Following recent findings by the Purchasing Managers’ Index which reflect a decrease in GDP growth, the firm are urging companies nationwide to remain optimistic and step up their game to counteract any negative predictions for the final quarter of 2017.
The PMI accounts for approximately 80 per cent of the UK economy, and with the country coming in at 53.6, the UK is ranking above 50 points – the figure which separates growth from contraction. This makes it higher than August’s 53.2, but shows a decline in the average levels seen in Q1 and Q2.
Having touched on the slowing pace of economic growth earlier in the year and in light of the newest reports of weak GDP growth, Credico UK have been addressing the subject, outlining why it is vital for businesses to focus on effectively implementing marketing strategies that deliver tangible and consistent results now more than ever.
As the PMI reports a decline in optimism regarding growth for the year ahead, Credico UK felt obliged to weigh in on the current situation.
As experts in field marketing and specialists in customer acquisition, the company firmly believes that businesses must try to ignore the negative statistics in the interest of devising the most effective campaigns imaginable.

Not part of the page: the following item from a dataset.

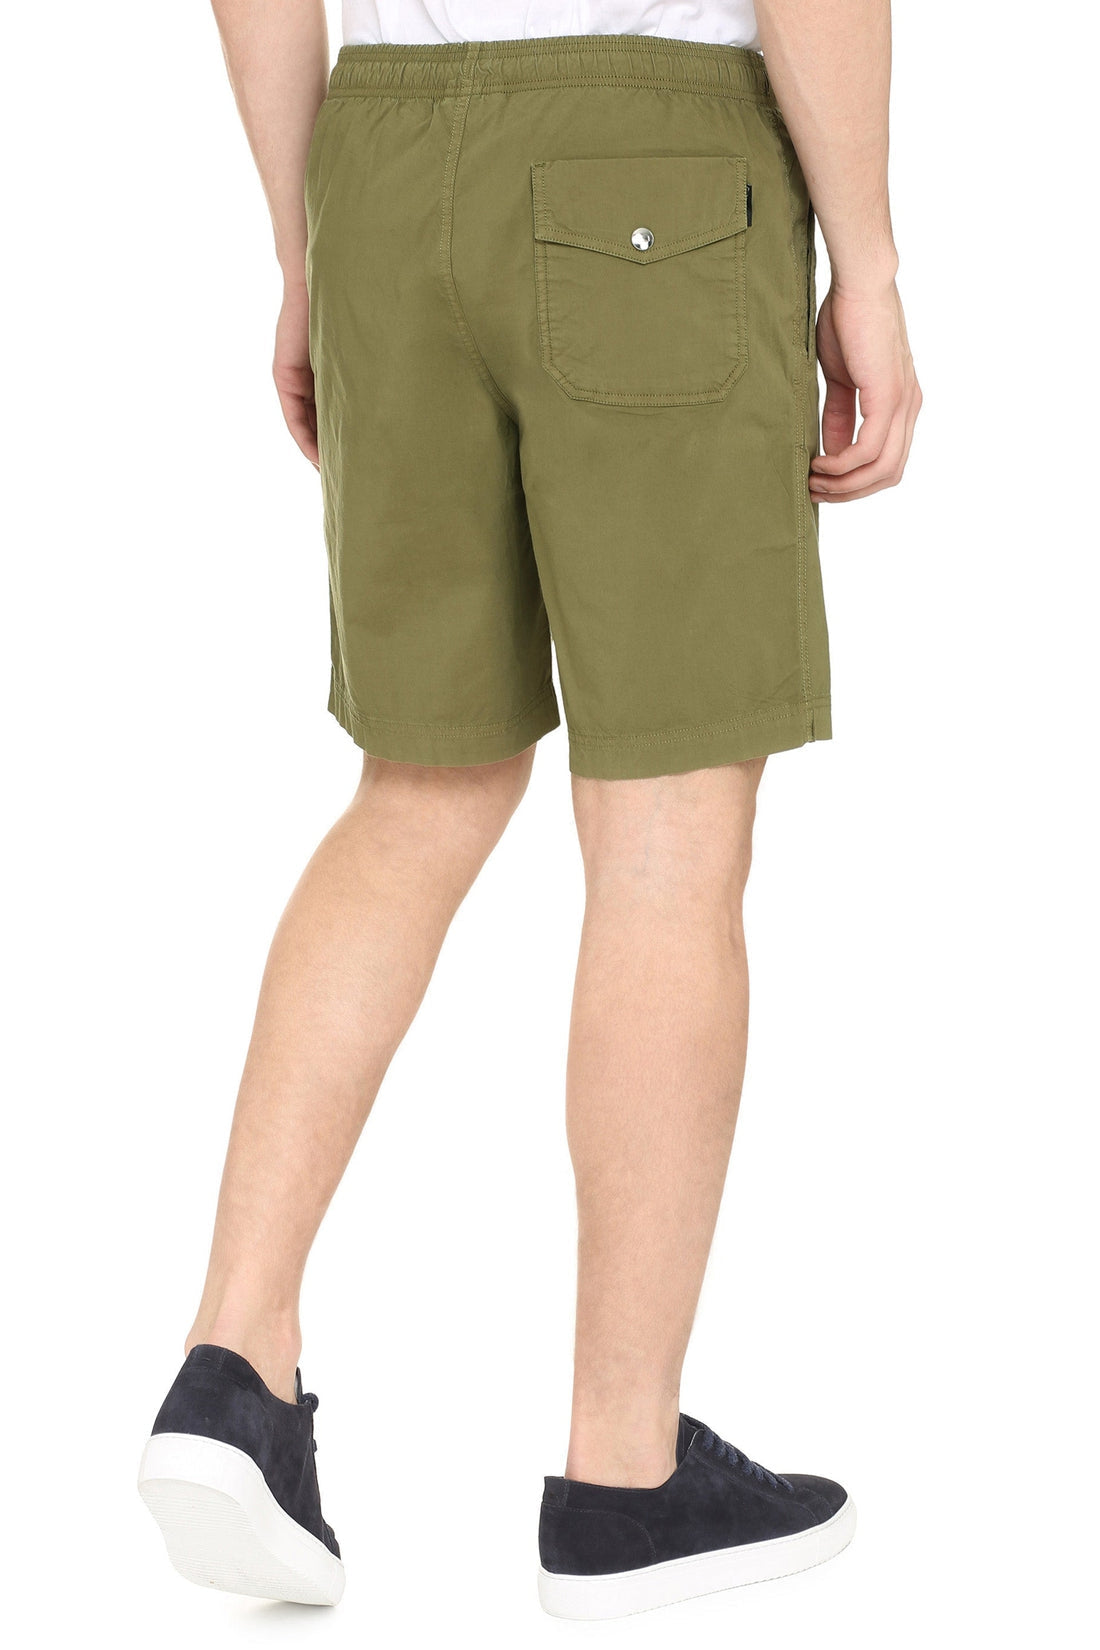 Woolrich-OUTLET-SALE-Cotton bermuda shorts-ARCHIVIST

To increase brand effectiveness and maintain substantial levels of customer loyalty the firm insist on reminding professionals within their industry to focus their efforts on the marketability of their products and services. The firm believe marketers must remember that no matter the state of the UK economy, certain products and services will always remain in demand, and it is down to the creativity of industry specialists to tailor their marketing strategies accordingly.
Furthermore, Credico UK touched on reports of the sterling rising up to $1.3270, up by 0.26 per cent from the previous 2-week lull. In the wake of this, data traders have revealed this indicates a strong enough rise to avoid a previously assumed derailment for the Bank of England’s interest rates this November.
“With data like this morale can be affected, and this is when the most inventive companies must step up to the plate, remaining positive and committed to the cause. By refusing to let economic statistics effect day to day success rates, companies are more likely to prosper in spite of negative predictions,” concluded a Credico UK spokesperson.